Annual Equity Program Clause Samples

The Annual Equity Program clause defines the terms under which an employee or participant is granted equity awards, such as stock options or restricted stock units, on a yearly basis. Typically, this clause outlines eligibility criteria, the timing and method of grant, and any performance or service conditions required to receive the awards. Its core function is to incentivize and retain key personnel by providing them with a recurring ownership stake in the company, aligning their interests with those of shareholders and supporting long-term organizational goals.

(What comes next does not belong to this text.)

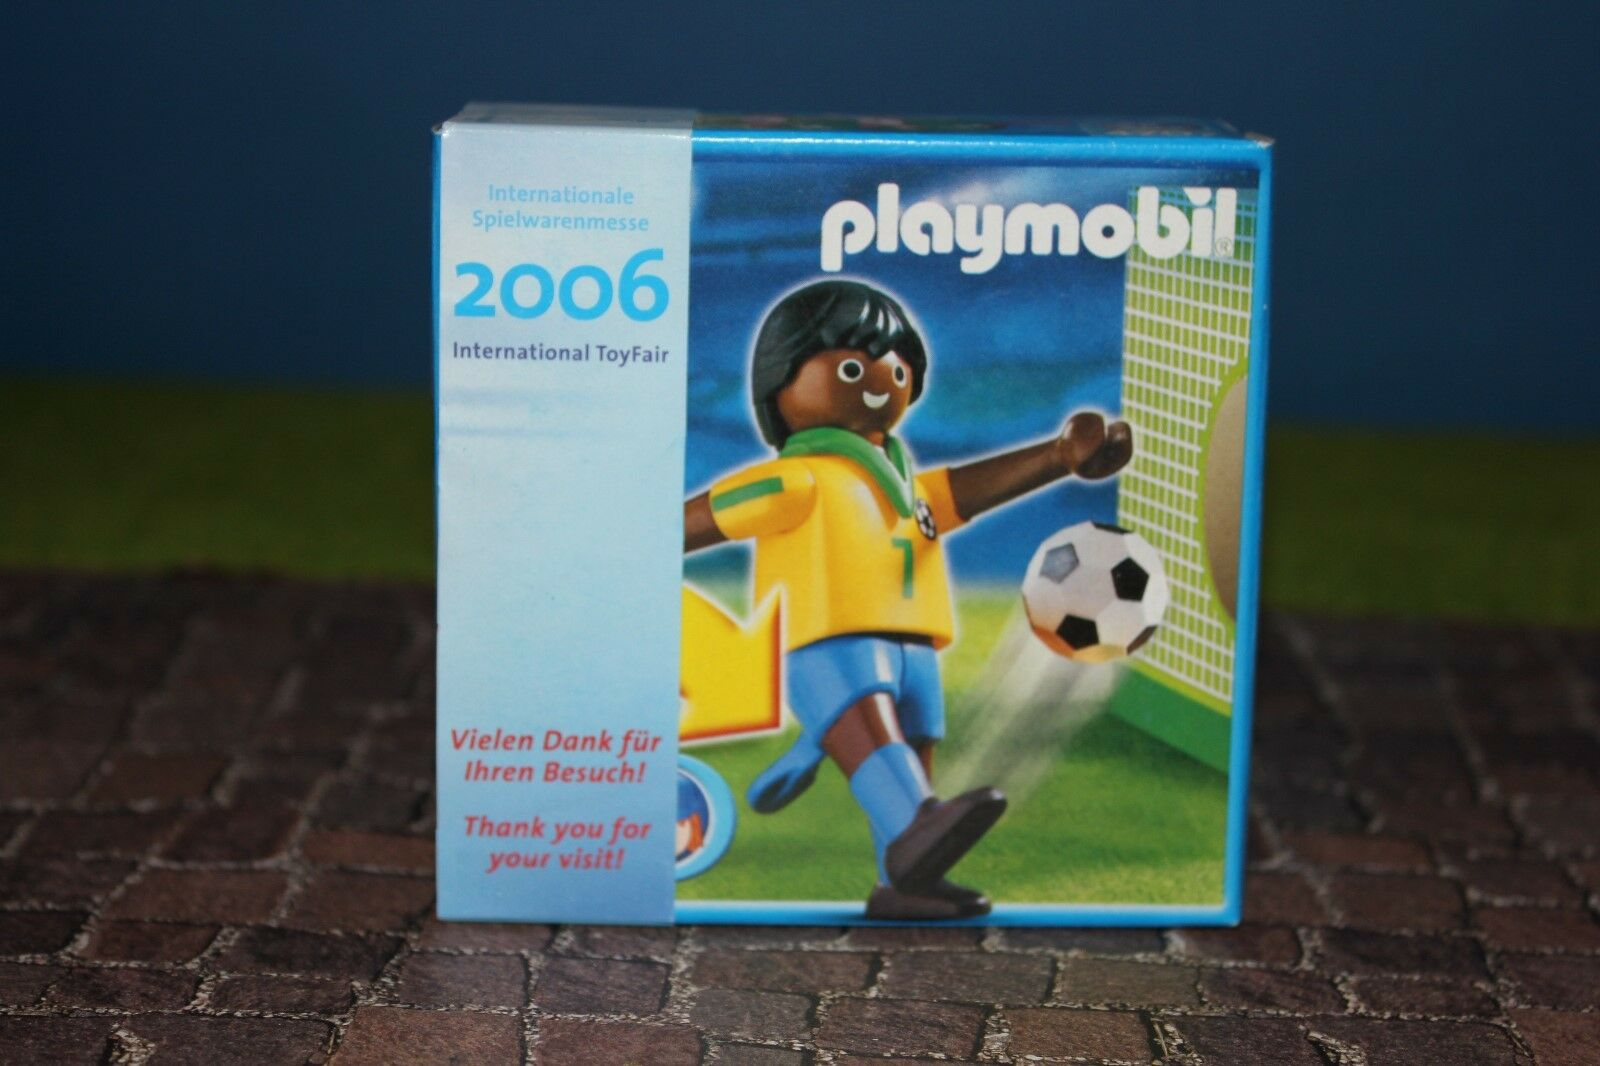 Playmobil Toy Trade Fair 2006 Brazil Promo Figurine Promotional Figure Nip

Annual Equity Program. The Employee will be eligible to participate in the WWI’s annual stock-based incentive compensation program, in accordance with the terms and conditions of such program, as amended from time to time. The Employee's position will have a target aggregate grant amount value of 125% of Salary pursuant to Article 5.1 of this Employment Agreement (allocated and subject to such terms as determined by WWI’s Compensation Committee in its sole discretion, provided, however, that such terms shall be the terms and methodology used for other similarly situated executives). For 2023, the Employee shall be entitled to the full annual equity award if the Starting Date is on or before June 30, 2023, and a pro-rated amount of your annual equity award if the Starting Date is between July 1, 2023 and September 30, 2023. If the Starting Date is between October 1, 2023 and December 31, 2023, the Employee will not be eligible to participate in WWI’s annual stock based incentive compensation program until 2024. All annual equity awards are subject to the Employee's continued employment with the Company, and shall be governed by WWI’s stock-based incentive compensation plan documents and relevant agreements, as well as any additional terms and conditions as determined by the Compensation Committee at its sole discretion. WWI’s stock-based incentive compensation program may be modified or terminated at any time without any compensation. The Employee is not entitled to a pro rata temporis bonus. The annual equity award is a special allowance and is at the sole discretion of WWI. The Employee is no way entitled to claim any award. In particular, the granting of an award in a particular year does not give rise to an award entitlement for the following years. The amount of the award, if any, is also at the sole discretion of WWI. Employment Agreement by and between ▇▇▇▇▇▇▇-▇▇▇▇▇▇▇ ▇▇▇▇▇▇ and WW (SWITZERLAND) SA
Annual Equity Program. 10.1 You will be eligible to participate in the annual equity program according to the award design and levels approved by the Human Resources and Compensation Committee of the Board of Directors (the HRCC) at the time of the grant. Any share units granted to you will be subject to the terms and conditions of the 2019 Clarivate Incentive Award Plan (or its successor plan) (the “Plan”), the grant agreement which will be provided to you as soon as administratively practical after any grant is approved, and the terms of any grant notice. From time to time, as business conditions dictate, Clarivate may revise eligibility and the types of equity provided in the annual equity program. Any future grants or awards under the Plan are made entirely at the discretion of Clarivate and approval from the HRCC. 10.2 You will receive an initial 2023 grant with an aggregate grant date target value of USD 2,000,000, with award mix of 50% in Restricted Share Units (RSUs) and 50% in Performance-Based Restricted Share Units (PSUs), and granted within 15 days of your Commencement Date. 10.3 The 2024 annual award equity grant will have target value of at least USD 2,000,000 for your role as the Executive Vice President and the President of the Academia & Government segment as recommended by management and subject to approval of the HRCC of the Board of Directors in its discretion. 10.4 You will receive a one-time sign-on award of RSUs with an aggregate grant date target value of USD 6,000,000 (the “Sign-On Award”) to be granted within 15 days of your Commencement Date. RSUs will vest over three years: 40% on each of the first and second anniversaries of your Commencement Date, and 20% on the third anniversary of your Commencement Date. In the event your employment is terminated without Cause, any unvested outstanding awards of RSUs under the Sign-On Award, shall be immediately vested and released. In the event your employment is terminated for Cause within one year after full vesting of the Sign-On Award, you agree to pay Clarivate in cash the after-tax value of any portion of the Sign-On Award that has vested as of your termination date.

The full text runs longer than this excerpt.